心の内で罵ったはずがいくらか声に出てしまったらしい。心底うんざりと言った顔を全面に出したスモーカーが俺がキープしていたワインを空けてぐいと飲み干した。そんな水みたいな飲み方はないぜ。
「おい、おい
、電伝虫から信号が来てるぞ」
「んあ?……あ、ほんとだ」
賑やかしい店内では聞きづらい声をなんとか拾って受話器を置いた。
「悪いスモーカー、俺の部下の容態が急変したらしくて……」
「あァ。さっさと行け」
「すまん」
何だかんだ言っても俺が飲んだ分以上の金銭は受け取らないのはいつもの事なので、今日は先手を打ってマスターに金を渡し会計を済ませる。横から少しだけ慌てたような声が聞こえたが無視だ。大事な部下が待ってるからな!
慌てて店内を出だ俺は、店に残ったスモーカーが誰かに向けて「趣味の悪い女だ」と言っていたのには気付けなかったのだ。
恋は突然なので!
「あァ!?これは演習じゃねェんだよッ!艦に閉じ籠もったままでどうやって海賊を討伐すんだッ!」
聞きなれないざらついた声が砲弾の音に負けないくらいに船に響き、否が応にもその声はヒナの耳にも入ってくる。
「ハァ!?『大佐の身を守る』だァ!?馬鹿言え!テメェらみてェな雑魚に守られるような奴が海軍将校まで上れるわけねェだろ!女だからってのはただの侮辱だカス!」
人の部下だろうとお構いなしに拳骨をかました男は、遠くからの悲鳴を聞きすぐにコートを翻し姿を消した。男が消えたのと同時にサーベルが脇腹に刺さったままの海兵が船に現れ、慌てた様子で医療班の人々に運ばれた。

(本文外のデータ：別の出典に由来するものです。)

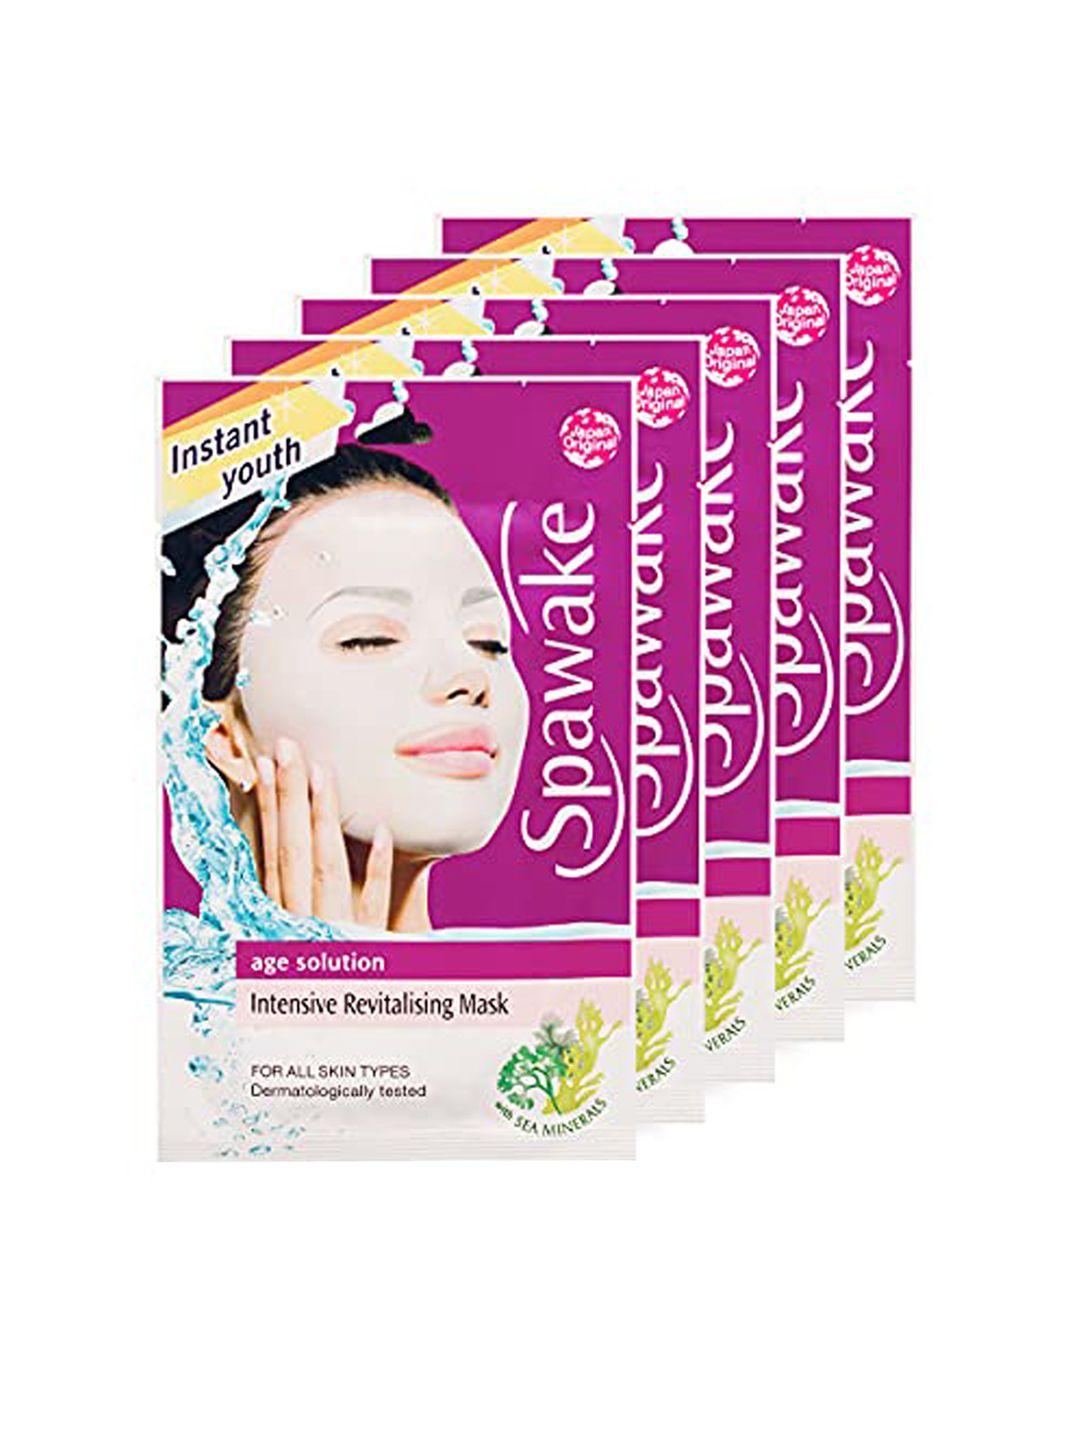 spawake set of 5 age solution intensive revitalising face sheet mask - 18 ml each
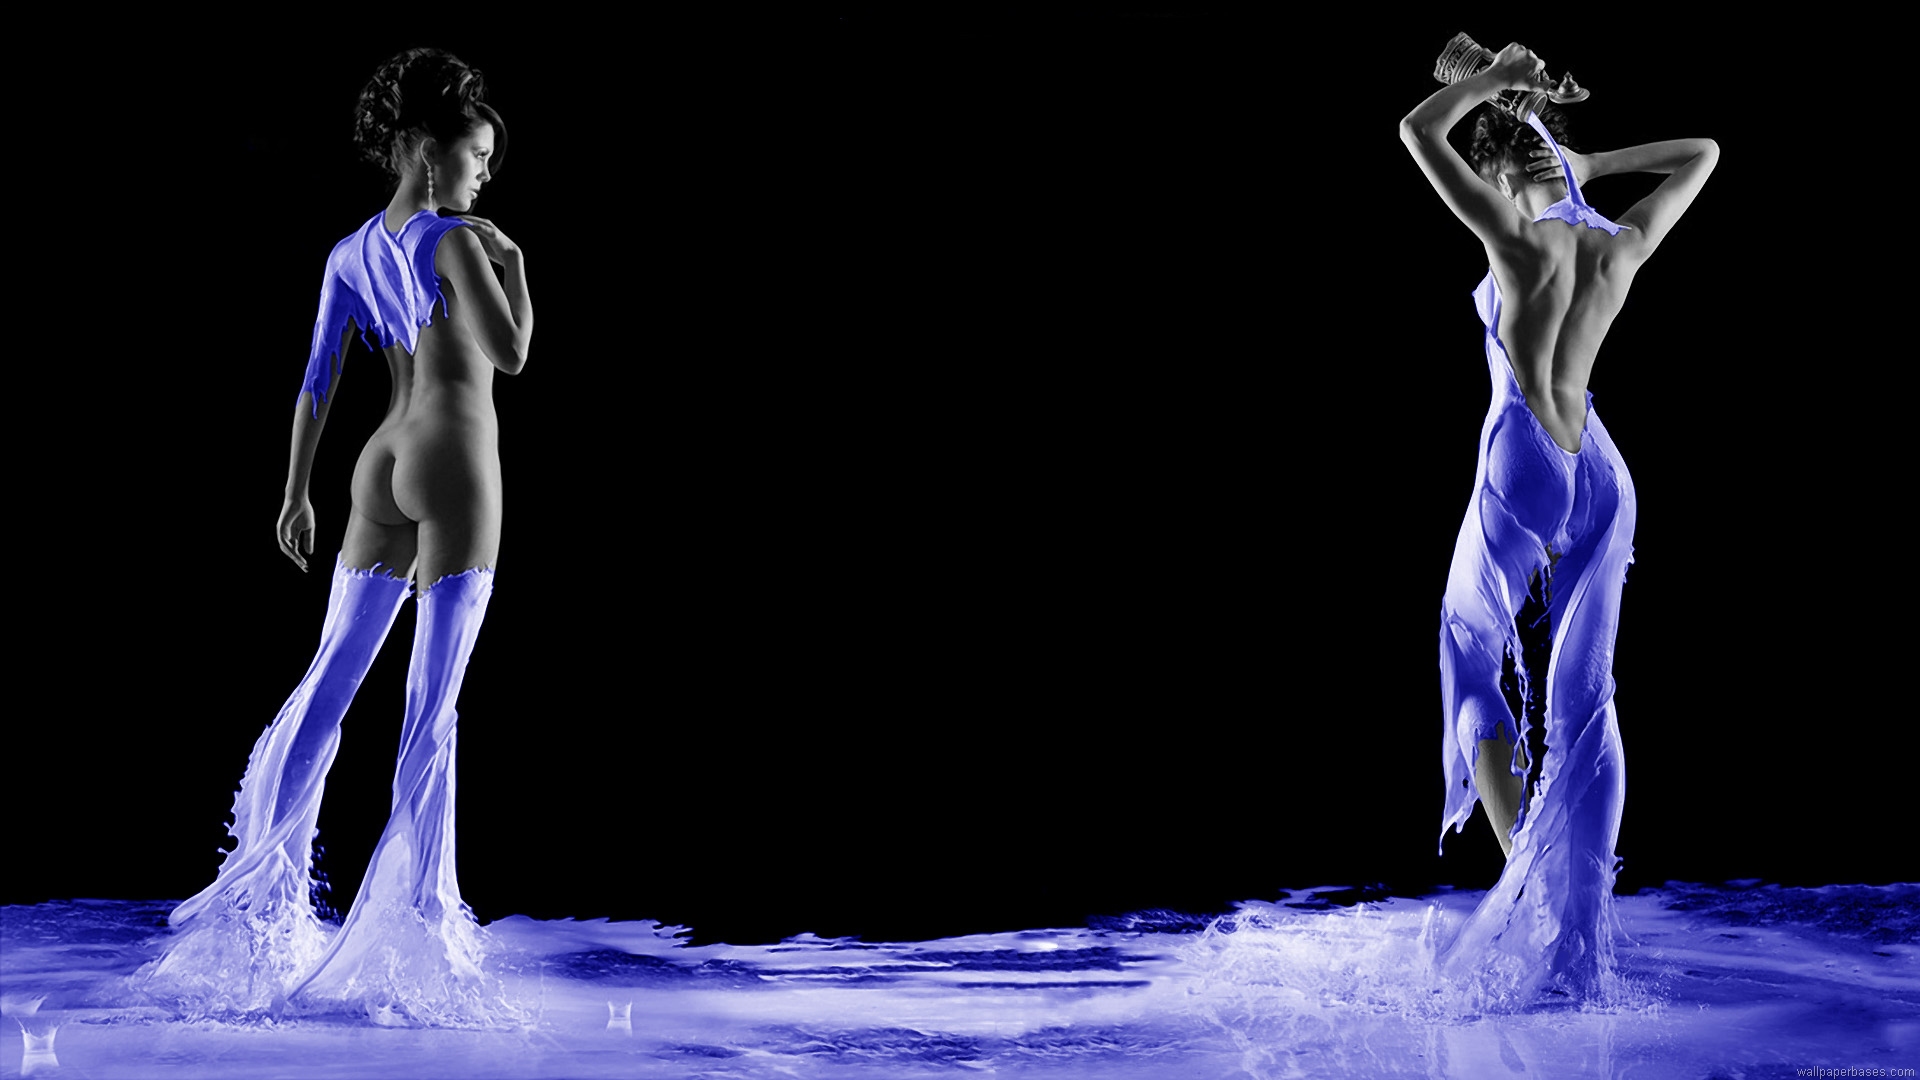 1080 x 1920 픽셀의 hd 월페이퍼,물,춤추는 사람,현대 무용,공연,인간

姿を消した男と言えば将校のみ羽織ることを許されたコートが焦げるのも気にせず敵艦隊と軍艦を行き来している。さっきまで男のいた場所には怪我を負った海兵が現れるのを見る限り、どうやら自身と相手の位置をワープさせているらしい。自分から部下を敵船へ蹴り込みながら誰一人死なせまいと人一倍動く姿に、以前誰かが言っていた『鬼の仏』と揶揄される大佐の話を思い出した。
「……いつまで突っ立ってるの。怪我人の応急処置、及び敵船に乗り込み鎮圧よ。さっさとしなさい。ヒナ憤慨」
味方には激しく叱咤し、敵は情け容赦なく切り刻む男が船着き場で背中を丸めてえずく姿に庇護欲に駆られたことは、誰にも言わないと赤い唇をきゅっと結んだ。